While it’s happened with coal futures over the past few trading days, those have come off an extraordinarily high base.
Iron ore futures for January delivery were fetching around US$88.50/t.
According to Fastmarkets spot prices were down 3.7% to US$103.43/t.
With steel production crimped by government intervention portside iron ore stocks in China have climbed from 126.28Mt in mid-August to 144.92Mt as of October 28, according to MySteel.
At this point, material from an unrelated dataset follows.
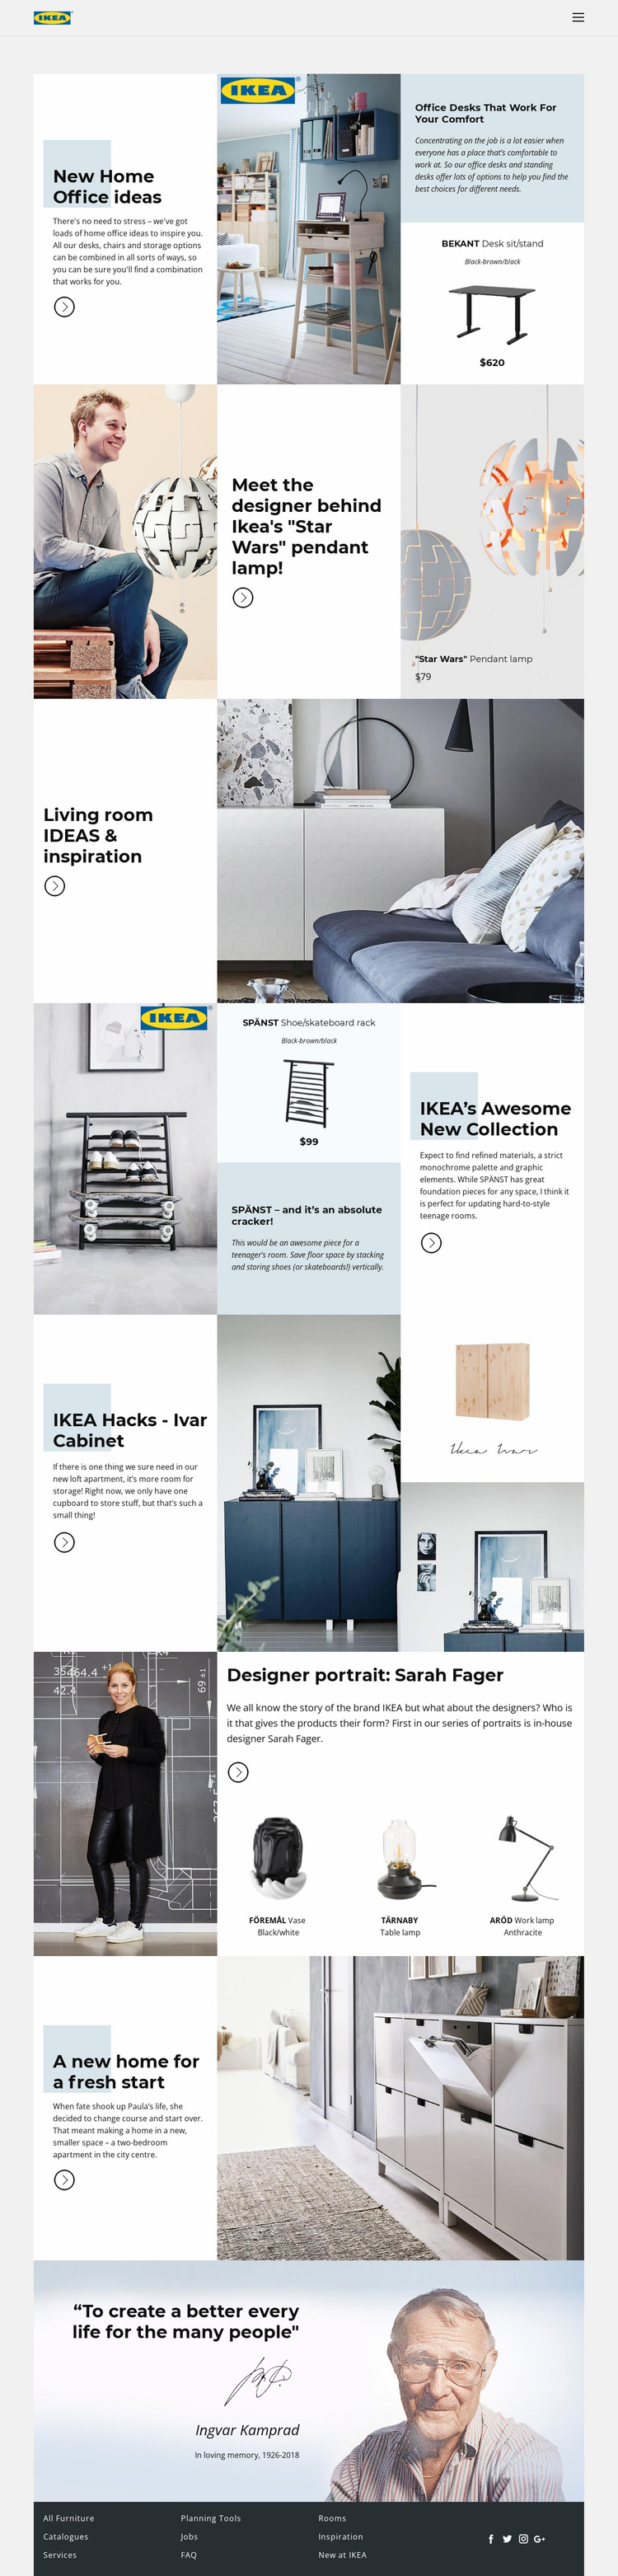 Inspiration from IKEA Website Builder Templates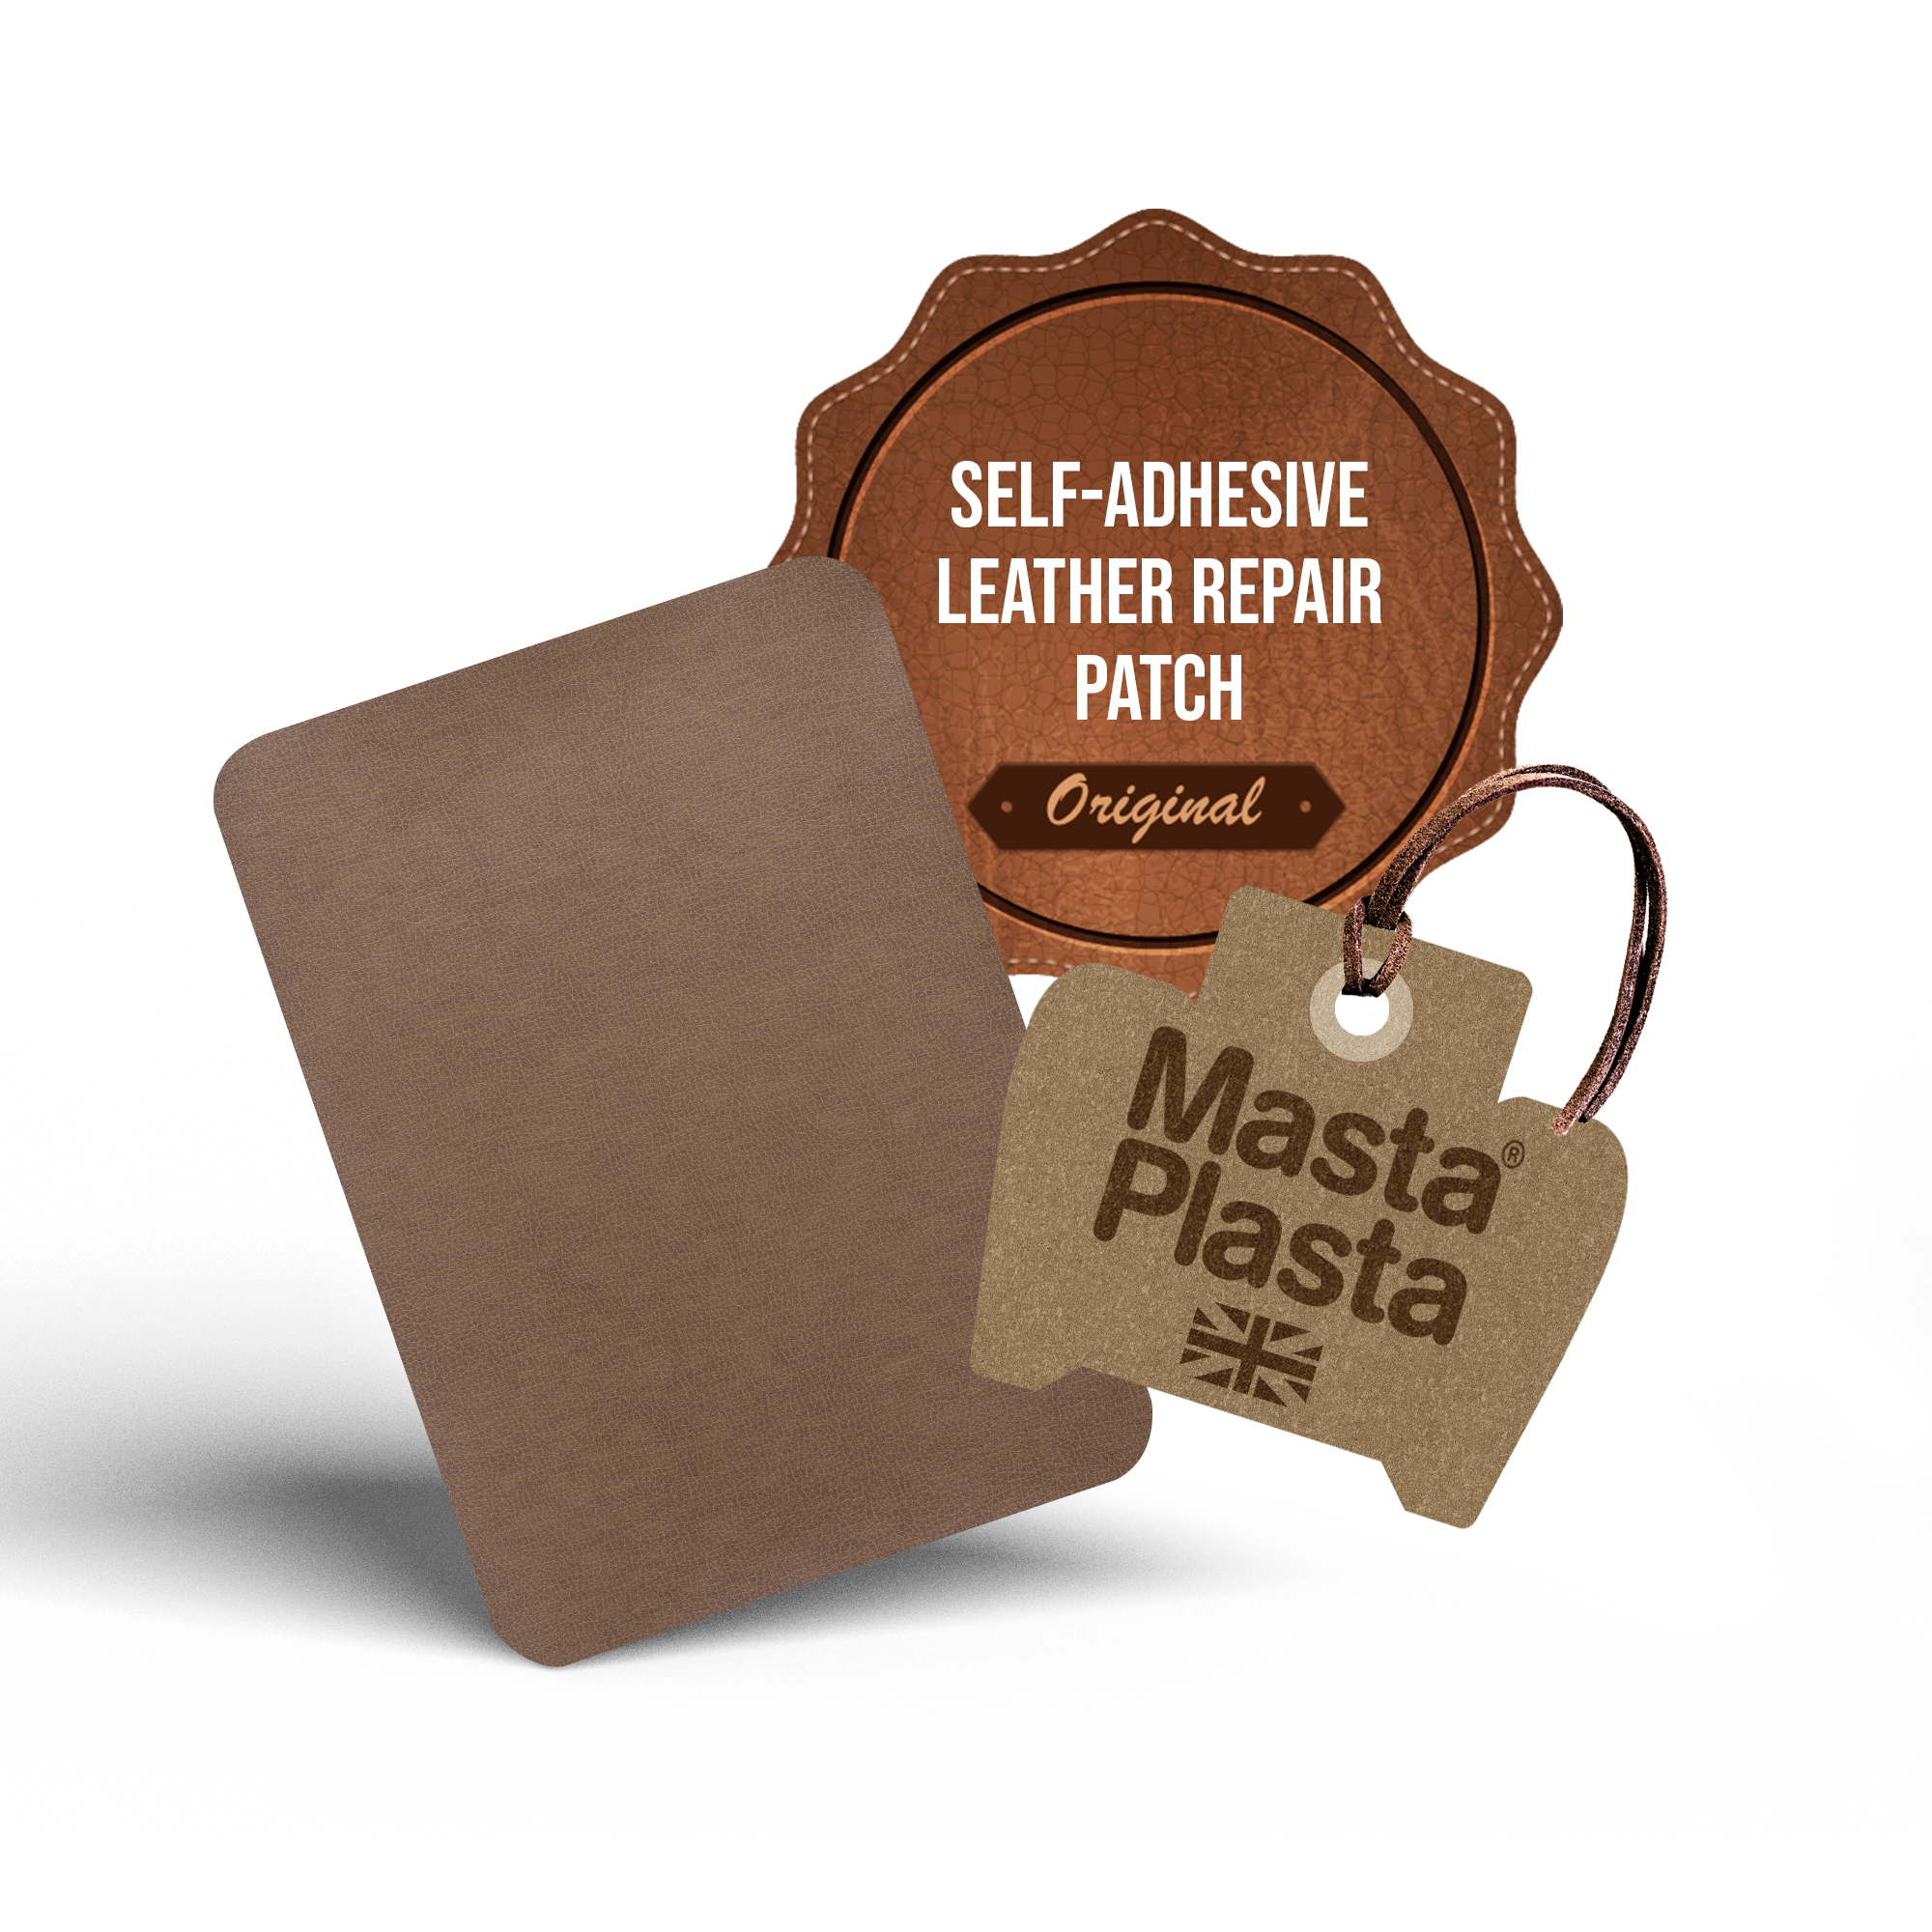 MastaPlasta Self-Adhesive Patch for Leather and Vinyl Repair, XL Plain, Tan

The MySteel survey for the last 11 days of October showed steel production among the 247 Chinese blast furnaces and 71 electric arc furnace factories it spoke to fell 2% on mid-October to 2.58Mt a day.
Investors in the big miners will be nervously awaiting the price changes in China tonight.
Big losses for Rio Tinto (ASX:RIO) (2.54%), BHP (ASX:BHP) (2.34%), Fortescue (ASX:FMG) (2.65%), Mineral Resources (ASX:MIN) (3.91%) and Champion Iron (ASX:CIA) (7.22%) headlined a day of pain for the materials sector, which fell 2.1% to drag the ASX 200 to a 0.63% loss.